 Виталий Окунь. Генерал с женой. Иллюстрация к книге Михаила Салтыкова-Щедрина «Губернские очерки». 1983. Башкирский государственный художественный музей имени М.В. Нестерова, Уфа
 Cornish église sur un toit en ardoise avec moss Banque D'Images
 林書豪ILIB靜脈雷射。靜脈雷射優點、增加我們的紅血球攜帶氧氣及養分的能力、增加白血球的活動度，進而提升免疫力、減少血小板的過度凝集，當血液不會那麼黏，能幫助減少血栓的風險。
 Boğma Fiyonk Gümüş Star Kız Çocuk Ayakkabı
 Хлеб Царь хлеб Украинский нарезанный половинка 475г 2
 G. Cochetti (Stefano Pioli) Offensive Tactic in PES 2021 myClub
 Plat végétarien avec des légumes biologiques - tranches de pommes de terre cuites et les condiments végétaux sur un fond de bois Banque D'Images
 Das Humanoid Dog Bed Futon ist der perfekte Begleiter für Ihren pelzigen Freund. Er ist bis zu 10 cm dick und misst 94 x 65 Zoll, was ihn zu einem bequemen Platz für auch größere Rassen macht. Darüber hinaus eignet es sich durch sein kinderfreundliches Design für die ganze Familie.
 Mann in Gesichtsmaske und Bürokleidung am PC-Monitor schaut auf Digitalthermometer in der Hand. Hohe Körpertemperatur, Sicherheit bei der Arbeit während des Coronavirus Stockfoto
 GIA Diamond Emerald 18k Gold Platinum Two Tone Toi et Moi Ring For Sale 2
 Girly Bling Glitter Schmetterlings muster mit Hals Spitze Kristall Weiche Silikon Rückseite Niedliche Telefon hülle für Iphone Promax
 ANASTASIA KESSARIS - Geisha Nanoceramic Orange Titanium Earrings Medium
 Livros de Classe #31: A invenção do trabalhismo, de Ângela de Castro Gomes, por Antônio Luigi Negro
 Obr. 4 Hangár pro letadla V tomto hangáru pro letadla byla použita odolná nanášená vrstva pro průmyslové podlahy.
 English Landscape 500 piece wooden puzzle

What you are asked to do: Your answer must contain every line of the records, exactly.

Solution for this task:
 Виталий Окунь. Генерал с женой. Иллюстрация к книге Михаила Салтыкова-Щедрина «Губернские очерки». 1983. Башкирский государственный художественный музей имени М.В. Нестерова, Уфа
 Cornish église sur un toit en ardoise avec moss Banque D'Images
 林書豪ILIB靜脈雷射。靜脈雷射優點、增加我們的紅血球攜帶氧氣及養分的能力、增加白血球的活動度，進而提升免疫力、減少血小板的過度凝集，當血液不會那麼黏，能幫助減少血栓的風險。
 Boğma Fiyonk Gümüş Star Kız Çocuk Ayakkabı
 Хлеб Царь хлеб Украинский нарезанный половинка 475г 2
 G. Cochetti (Stefano Pioli) Offensive Tactic in PES 2021 myClub
 Plat végétarien avec des légumes biologiques - tranches de pommes de terre cuites et les condiments végétaux sur un fond de bois Banque D'Images
 Das Humanoid Dog Bed Futon ist der perfekte Begleiter für Ihren pelzigen Freund. Er ist bis zu 10 cm dick und misst 94 x 65 Zoll, was ihn zu einem bequemen Platz für auch größere Rassen macht. Darüber hinaus eignet es sich durch sein kinderfreundliches Design für die ganze Familie.
 Mann in Gesichtsmaske und Bürokleidung am PC-Monitor schaut auf Digitalthermometer in der Hand. Hohe Körpertemperatur, Sicherheit bei der Arbeit während des Coronavirus Stockfoto
 GIA Diamond Emerald 18k Gold Platinum Two Tone Toi et Moi Ring For Sale 2
 Girly Bling Glitter Schmetterlings muster mit Hals Spitze Kristall Weiche Silikon Rückseite Niedliche Telefon hülle für Iphone Promax
 ANASTASIA KESSARIS - Geisha Nanoceramic Orange Titanium Earrings Medium
 Livros de Classe #31: A invenção do trabalhismo, de Ângela de Castro Gomes, por Antônio Luigi Negro
 Obr. 4 Hangár pro letadla V tomto hangáru pro letadla byla použita odolná nanášená vrstva pro průmyslové podlahy.
 English Landscape 500 piece wooden puzzle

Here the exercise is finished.